What is required ▸
Once "NBR 10mm 15mm" turns up in a line below, reproduce that line and those after it exactly, stopping after the line with "Large Seashell Shaped"; leave pictures out.

Recorded data ▸
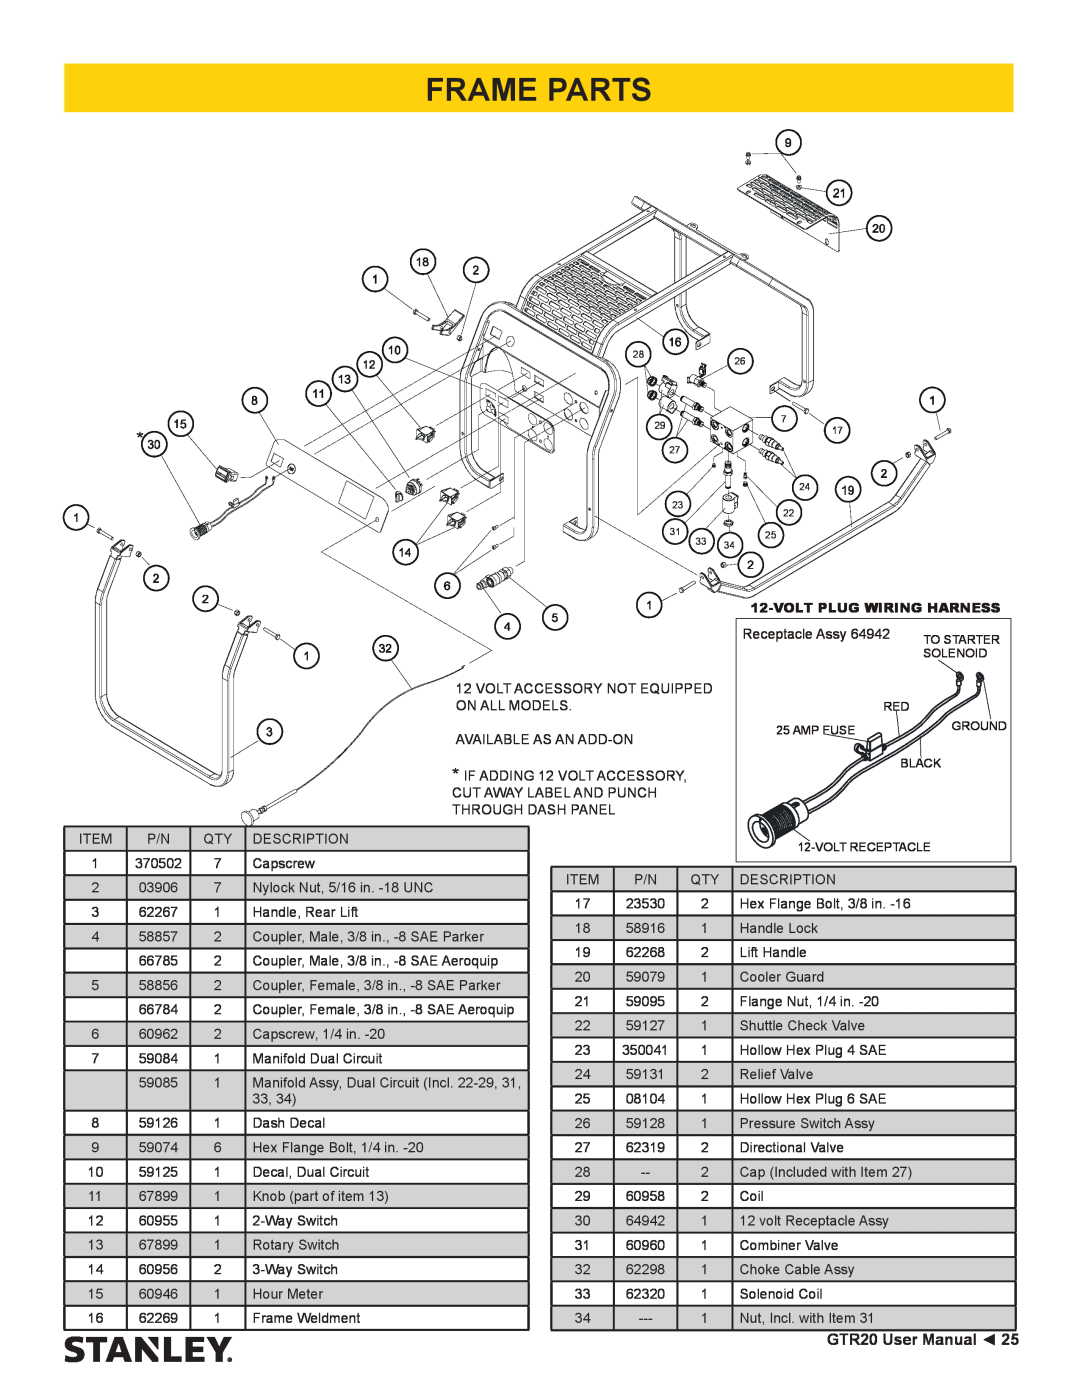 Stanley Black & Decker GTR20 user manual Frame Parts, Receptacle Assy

* * *

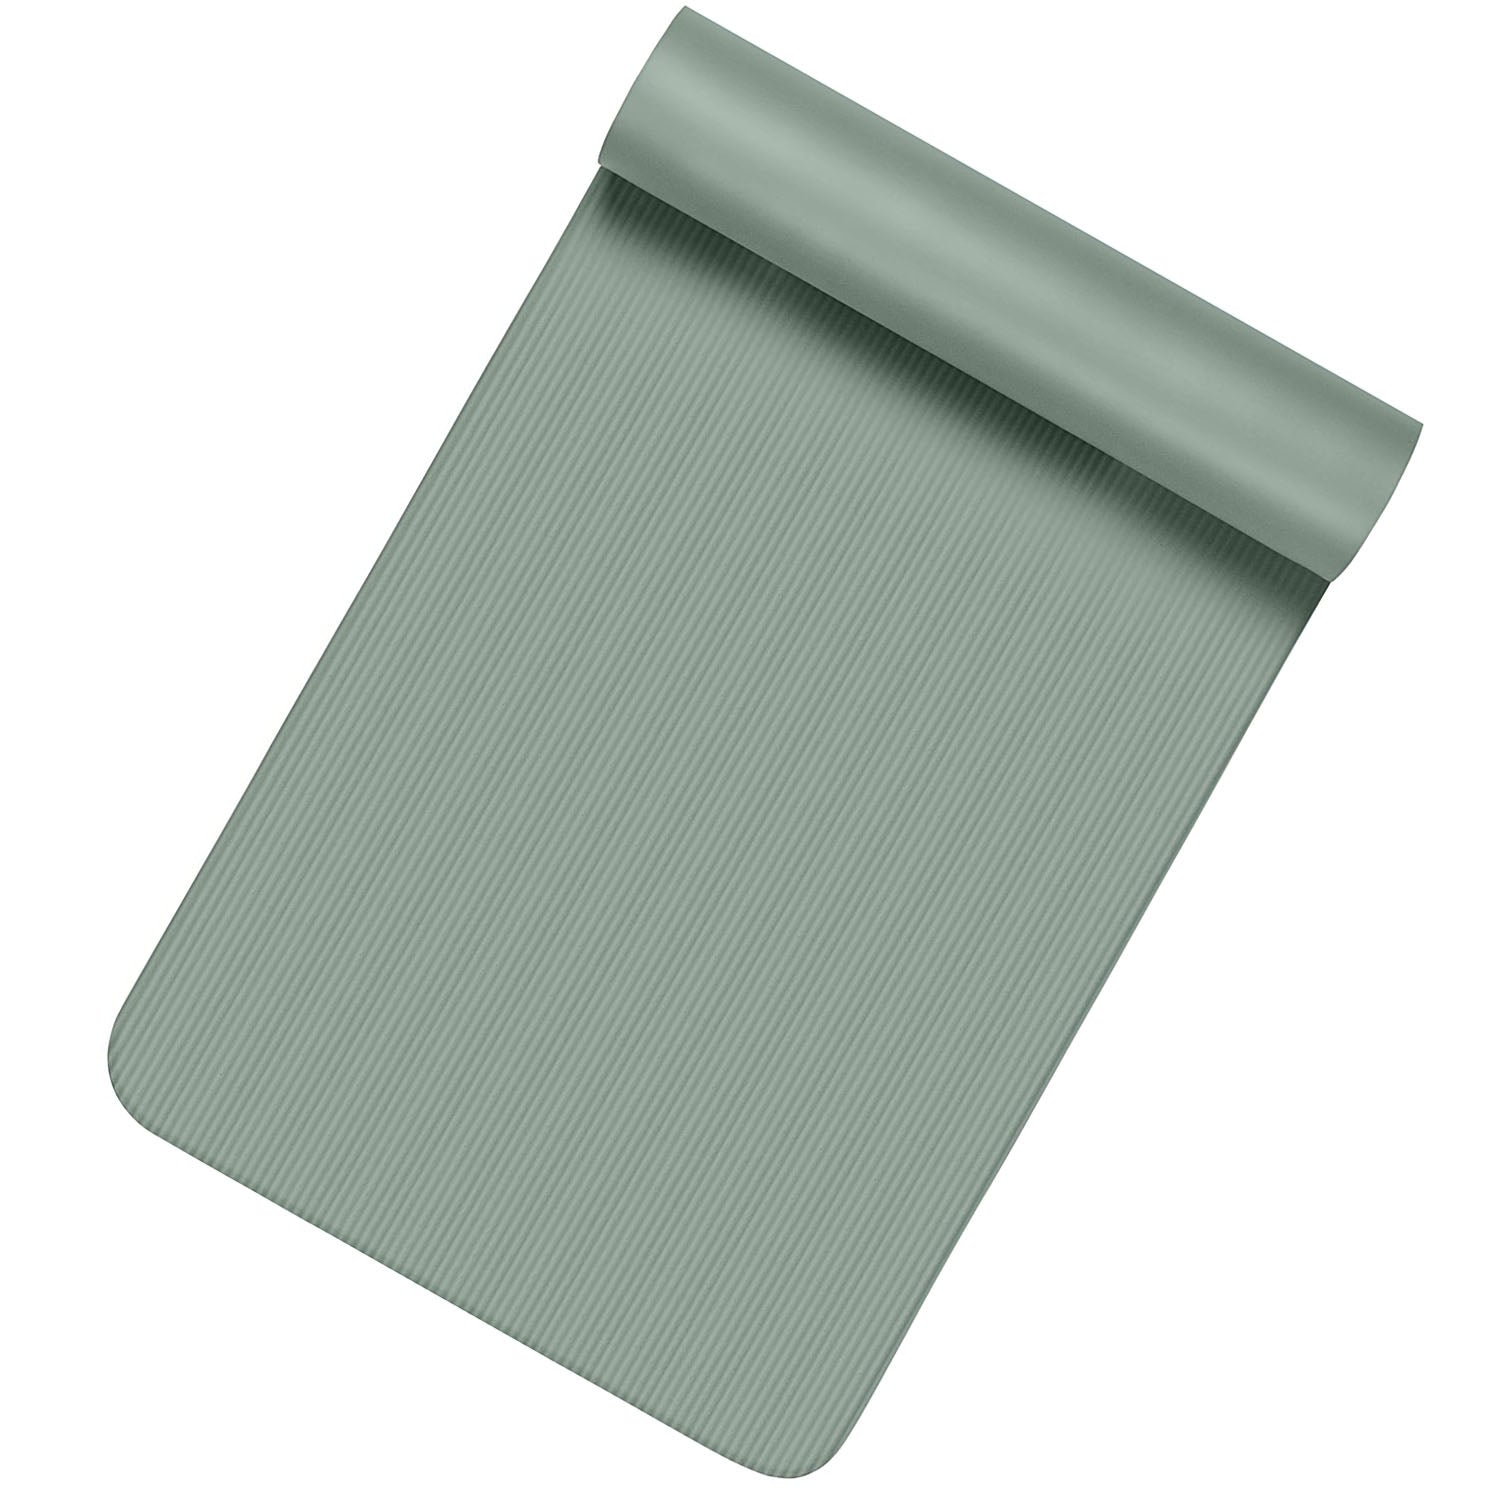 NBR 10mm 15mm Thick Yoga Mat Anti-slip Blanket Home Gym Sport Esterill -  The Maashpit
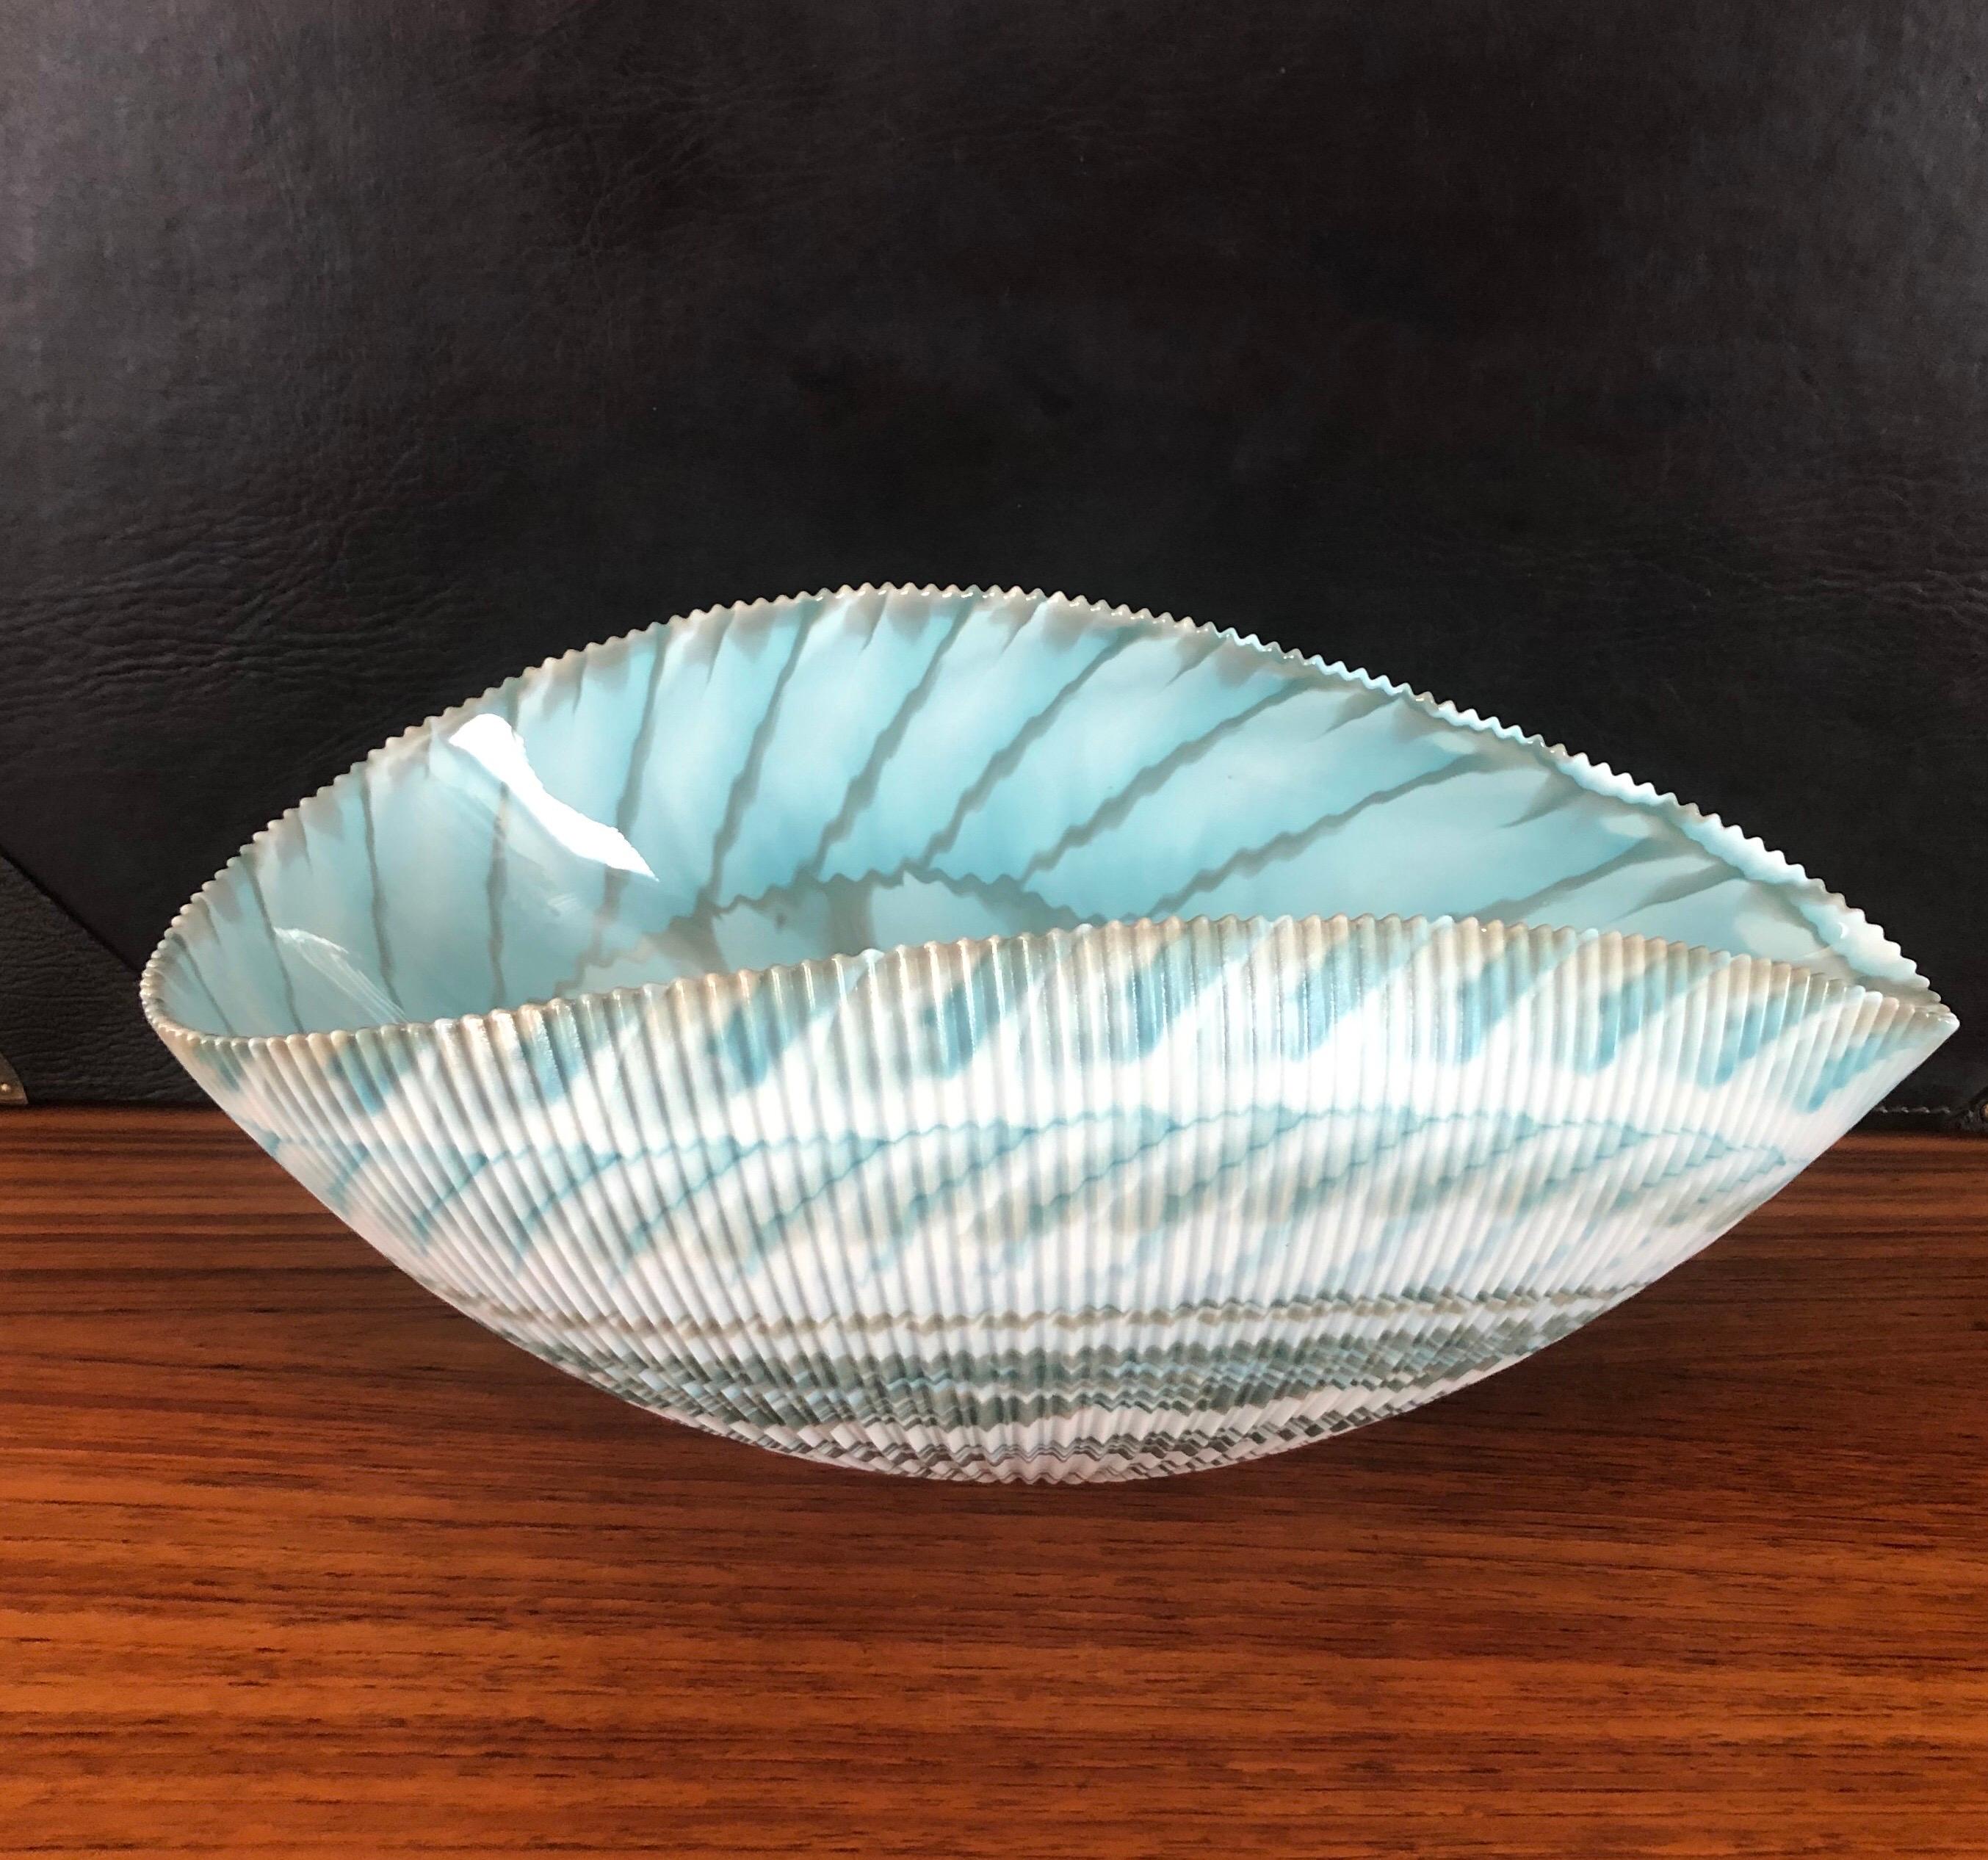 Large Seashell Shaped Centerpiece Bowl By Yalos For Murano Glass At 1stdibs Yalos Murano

Solution for this task ▸
 NBR 10mm 15mm Thick Yoga Mat Anti-slip Blanket Home Gym Sport Esterill -  The Maashpit
 Large Seashell Shaped Centerpiece Bowl By Yalos For Murano Glass At 1stdibs Yalos Murano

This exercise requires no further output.